第74話 壊れゆく騎士、空虚な金の瞳
翌日、一人で人事に行った。初めて護衛なしで庁舎を歩き回れる。私は自由だ。
ランベルトと面談し、魔法陣課に行くことになった。
自分が帰るための魔法陣に、少しでも貢献したいと思う。
◇◇◇◇◇
その頃、レオンはオーブリーを問い詰めていた。
「なぜ、お前がサーヤの面倒を見る?」
「大臣に言われたし、お前の次に親しいのは俺だろう?」
「なぜ、俺じゃない?」
「今はまだ、お前のせいで帰れなかったと思って気が立っているんだ。少し落ち着くまで待て」
「どれくらい待てばいい?」
「そこまでは、わからない」
「そんなに長く離れてはいられない」
「……そういうことを言うほど、距離を置かれると思うぞ」
オーブリーは、「一緒にいたら、帰れない気がして」という沙弥の言葉を思い出した。
(これは、確かに……)
少しの間も離れていられないなら、自分の国に帰してもらえるはずなどないと、思ってしまうのも無理はない。
◇◇◇◇◇
沙弥は魔法陣課で働き始め、レオンは通常の騎士団の仕事に復帰した。
表面上は穏やかな毎日が戻ったように見えた。だが……。
「最近のレオンの鍛錬は、鬼気迫るものがあるな」
「ああ、 ケントが帰ってからだろ。サーヤとは破局したらしいし」
「新人に稽古をつけていたが、手加減なしで可哀想だったぞ」
「口数も、サーヤが来る前より減ったしな」
レオンの心は徐々に蝕まれていた。
◇◇◇◇◇
沙弥がオーブリーに言う。
「レオンさんからいただいた装飾品を、お返ししようと思うんです」
「なぜ?」
「どれも高価なものだと思うので、お別れしたのに、いただいたままなのは申し訳なくて……」
「……それは、やめてやってくれ」
「どうしてですか?」
「あいつは、返してほしいなんて思っていないはずだ」
「でも……」
「サーヤが贈ったものも返してほしいのか?」
「いえ、そんなことはありません。もし持っていたくなければ捨ててしまっていただいても構いませんけど」
レオンは今でもサーヤにもらった装飾品を身に着けている。サーヤに贈ったものを突き返されたらショックを受けるだろう。これ以上、あいつに傷ついてほしくない。

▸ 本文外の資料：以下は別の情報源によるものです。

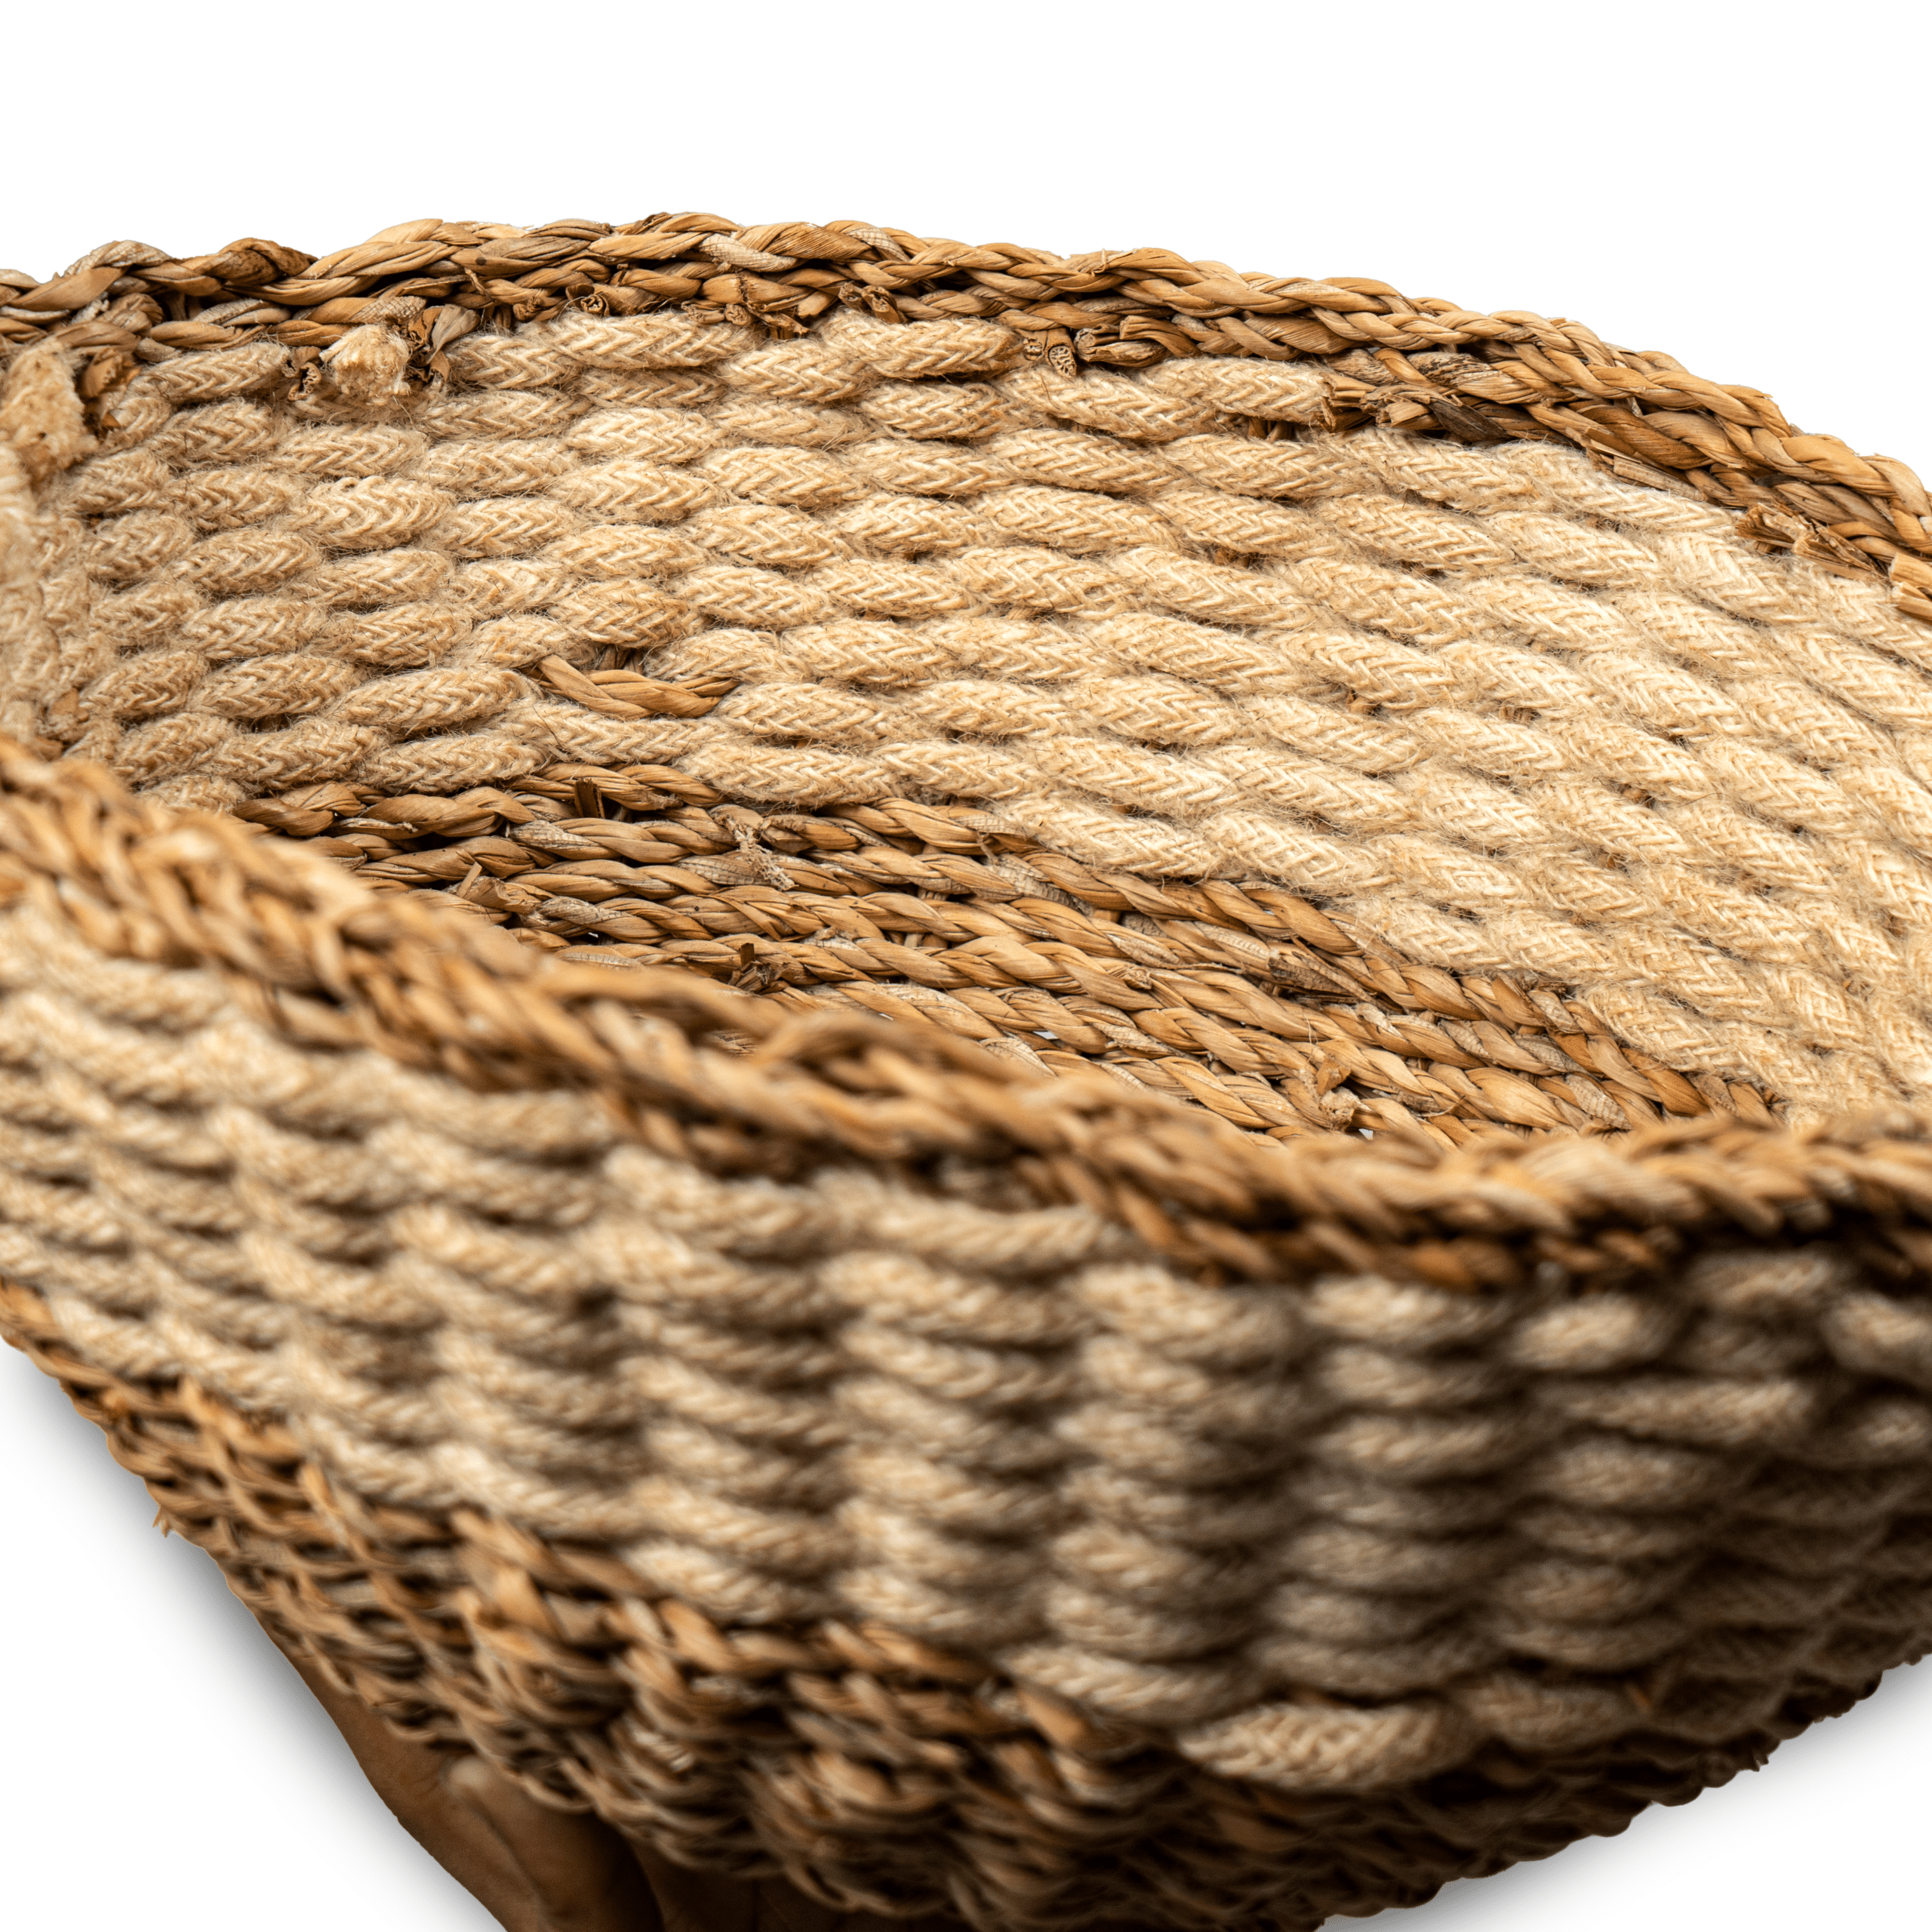 Tapered Seagrass Bowl Basket with Handles- ICSGHFB9 (2)

「どうしても持っていたくなければ、俺が預かっていてもいい。だから、あいつに返すのだけはやめてやってほしい」
「わかりました。持っていたくないというわけではないので、お預かりしておきます」
「『日本』では、別れた後で、もらったものを返すのが普通なのか?」
「普通ではありませんけど、返せと言われたり、あまり高価なものや、婚約指輪などは返すこともあります」
「ルーキスにはそういう習慣はないから、気にすることはない」
なんとか返すことは思いとどまってくれたようだ。
オーブリーは、ほっと胸を撫でおろした。
◇◇◇◇◇
レオンは少しおかしい。誰もが気づき始めていた。
任務はきちんとこなす。だがそれは、あらかじめプログラムされたことを実行しているに過ぎなかった。
まったく笑わない。必要なこと以外話さない。金色の瞳は、何も映していない……。
「レオンは、壊れたかもしれない」
誰もがそう案じていた。
そして、その原因にも、皆うっすらと気づいていた。
◇◇◇◇◇
ある日、沙弥は魔法陣課のお使いで騎士団の詰所に書類を届けに行った。
その帰り、訓練場の近くを通りがかると、剣の音が聞こえた。
(懐かしいな。賢斗がいた頃、訓練の様子をときどき見にきたっけ……)
そのまま、訓練場に足を向けてみた。
そこにいたのは、レオンだった。
一瞬、立ち去ろうかと思ったが、彼の様子に目を離せなくなった。
相手にしているのは新人らしく、ピカピカのマントを羽織っている。
その足元は、ふらふらだ。どう見ても限界を超えている。
それなのに……。
「遅い!」
レオンの声が飛び、容赦なく打ち込む。
やがて相手は崩れ落ちる。
「立て!」
立ち上がった相手に、さらに打ち込む。
(あれは、誰?)
自分の知っているレオンではない。
任務に厳しいことは知っている。
だが、あれは……指導に見えない……。愛が感じられない。
(あれは、本当にレオンさん?)
ただ機械的に、冷徹に、相手を叩き伏せている。
そんな人ではなかったはずなのに……。
大きな違和感と、かすかな戦慄を胸に抱いて、沙弥は訓練場をあとにした。